Isolate every line in the records below with "thumbnail" in it.

· · · · ·

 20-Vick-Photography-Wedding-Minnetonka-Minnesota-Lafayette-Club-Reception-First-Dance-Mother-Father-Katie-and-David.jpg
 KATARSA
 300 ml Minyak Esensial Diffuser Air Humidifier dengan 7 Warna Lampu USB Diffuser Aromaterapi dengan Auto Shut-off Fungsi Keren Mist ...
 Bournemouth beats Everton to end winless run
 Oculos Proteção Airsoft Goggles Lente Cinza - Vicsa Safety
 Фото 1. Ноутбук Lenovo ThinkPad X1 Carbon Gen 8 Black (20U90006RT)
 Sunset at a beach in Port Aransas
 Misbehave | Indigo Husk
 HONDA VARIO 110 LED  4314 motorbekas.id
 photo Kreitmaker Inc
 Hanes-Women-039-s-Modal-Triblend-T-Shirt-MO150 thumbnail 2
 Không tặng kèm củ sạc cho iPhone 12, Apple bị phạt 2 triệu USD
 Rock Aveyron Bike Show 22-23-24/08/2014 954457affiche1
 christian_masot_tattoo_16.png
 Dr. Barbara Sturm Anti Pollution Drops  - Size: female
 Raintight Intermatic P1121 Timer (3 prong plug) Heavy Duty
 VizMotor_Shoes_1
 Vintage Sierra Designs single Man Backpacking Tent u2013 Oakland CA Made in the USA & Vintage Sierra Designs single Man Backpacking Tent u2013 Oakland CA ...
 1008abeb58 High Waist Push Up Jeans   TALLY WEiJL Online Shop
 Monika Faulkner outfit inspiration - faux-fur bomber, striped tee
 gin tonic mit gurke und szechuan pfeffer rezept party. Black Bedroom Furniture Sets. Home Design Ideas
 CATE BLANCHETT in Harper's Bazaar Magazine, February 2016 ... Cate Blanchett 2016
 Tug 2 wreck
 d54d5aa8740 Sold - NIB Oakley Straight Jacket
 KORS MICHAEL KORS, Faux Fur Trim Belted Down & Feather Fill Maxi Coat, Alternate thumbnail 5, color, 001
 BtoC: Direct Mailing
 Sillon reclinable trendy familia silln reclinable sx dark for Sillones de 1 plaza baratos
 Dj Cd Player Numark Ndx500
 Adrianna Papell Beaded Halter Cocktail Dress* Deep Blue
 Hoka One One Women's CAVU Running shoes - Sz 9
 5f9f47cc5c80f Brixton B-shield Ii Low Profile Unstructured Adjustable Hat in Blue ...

· · · · ·

▶ _RESULT_
 Hanes-Women-039-s-Modal-Triblend-T-Shirt-MO150 thumbnail 2
 KORS MICHAEL KORS, Faux Fur Trim Belted Down & Feather Fill Maxi Coat, Alternate thumbnail 5, color, 001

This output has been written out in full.